Por Martín Bonfil Olivera
Dirección General de Divulgación de la Ciencia, UNAM
Publicado en Milenio Diario, 25 de septiembre de 2013
Hay cosas reales, y las hay imaginarias. Las rocas, animales, personas y autos son reales. Los fantasmas y dioses, el karma, las maldiciones y los milagros, no.
Pero otras cosas no caben cómodamente en esta dicotomía simple. ¿Son reales los sueños? ¿Las creencias? ¿Los deseos? (¿Puede uno “creer” que se siente triste, sin que sea cierto?) ¿Es real la imagen de una oveja rosa que puedo evocar en mi mente en este instante? Desde una perspectiva simplista, tenderíamos a decir que no son reales, pues están “en nuestra mente”. Pero, ¿quiere eso decir que, simplemente, no existen?
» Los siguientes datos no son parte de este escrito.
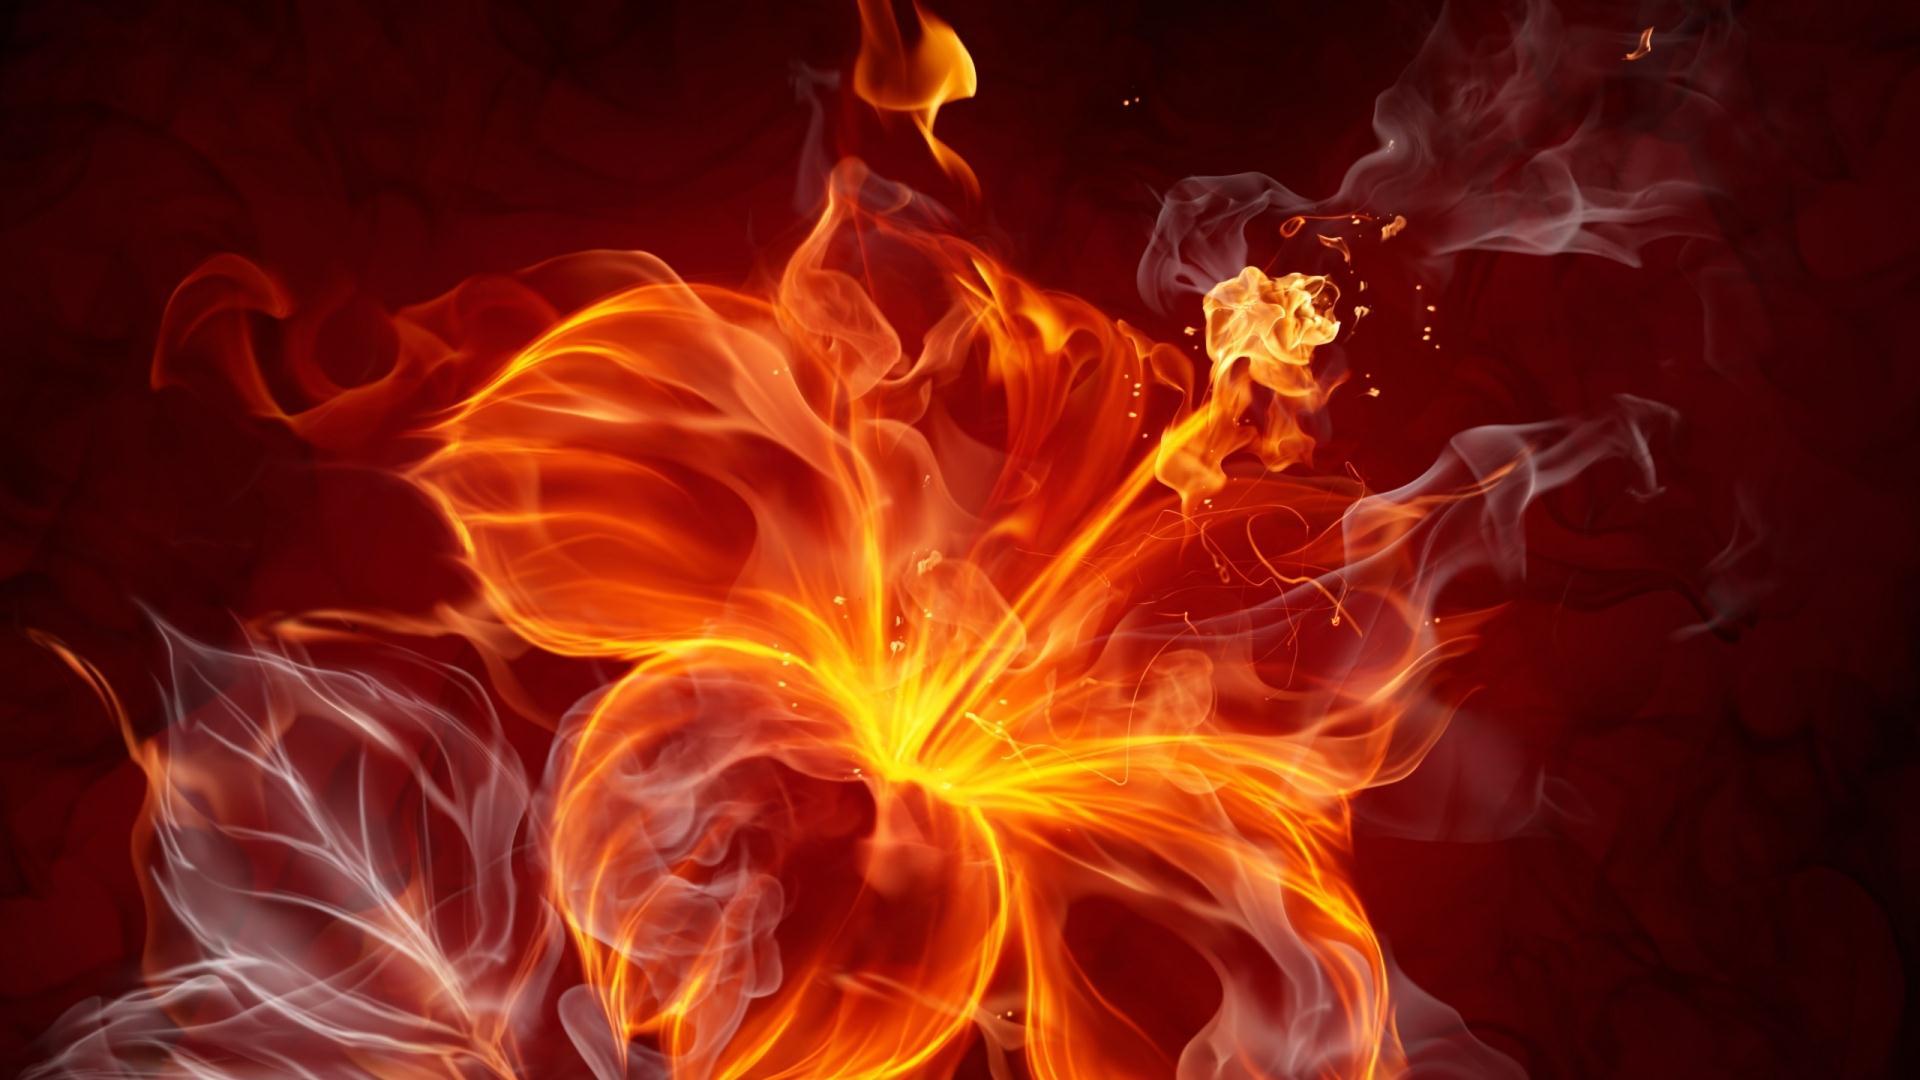 Hình nền hoa lửa cực đẹp

En el número de septiembre de la revista de ciencia ¿Cómo ves?, que publica la UNAM, aparece un interesante artículo de Ulises Solís en el que relata el famoso caso de Emily Rosa, una niña de 9 años de Colorado, EU, que en 1998 demostró, con un experimento en la feria de ciencias de su escuela, que el famoso “toque terapéutico” es una farsa. Sus pretendidos efectos curativos no son reales: están sólo en nuestra mente.
El toque terapéutico se basa en la supuesta existencia de un “campo de energía humano” que al alterarse causa enfermedades, y que puede corregirse “manipulándolo” al mover las manos sobre el cuerpo, sin tocarlo (el reiki y otras seudoterapias esotéricas se basan en la misma idea). Emily consiguió que varios expertos “terapeutas” colaboraran poniendo sus manos con las palmas hacia arriba a través de una pantalla de cartón. Del otro lado, Emily –a la que no podían ver– ponía su propia mano encima de una de las manos del terapeuta, sin tocarla. El terapeuta tenía que adivinar (“detectando” el campo de energía) sobre cuál de sus manos, izquierda o derecha, estaba la de Emily. Los “expertos” no acertaron mejor que si hubieran adivinado al azar (de hecho, peor: acertaron en el 44% de las veces, en vez del 50% esperado). El campo de energía no existe.
El estudio de Emily fue publicado en el Journal of the American Medical Association, convirtiéndola en la persona más joven que jamás haya publicado en una revista científica arbitrada.
Aun así, mucha gente en el mundo sigue creyendo en el toque terapéutico y demás tratamientos fantásticos, sobre todo para combatir el dolor y otros malestares, a pesar de ser comprobadamente inútiles en estudios clínicos controlados. Quizá esto se deba a que el dolor no es un fenómeno objetivo, sino subjetivo. Como el sabor, no es algo que se pueda medir con un aparato, sino una experiencia que tiene un sujeto, como resultado de la forma en que su cerebro procesa la información que recibe de sus sentidos.
No es que el dolor no exista o sea “imaginario”. Pero tampoco es algo físico, que pueda aislarse, pesarse o medirse. Para estudiarlo, dependemos de la experiencia subjetiva que reporten quienes lo padecen. Y esa experiencia puede ser influida por la manipulaciones del toque terapéutico y otras “medicinas alternativas”. Hay medicamentos y terapias que pueden reducir, reproduciblemente, el dolor. Otros sólo nos hacen creer que lo reducen.
El tema es complejo. Sabemos que el efecto placebo existe. Sabemos también que el dolor existe. Pero también sabemos, más allá de toda duda, que no hay ningún “campo de bioenergía” que cause enfermedades y se pueda corregir acariciando el aire. Vender eso como terapia médica es, realmente, un fraude.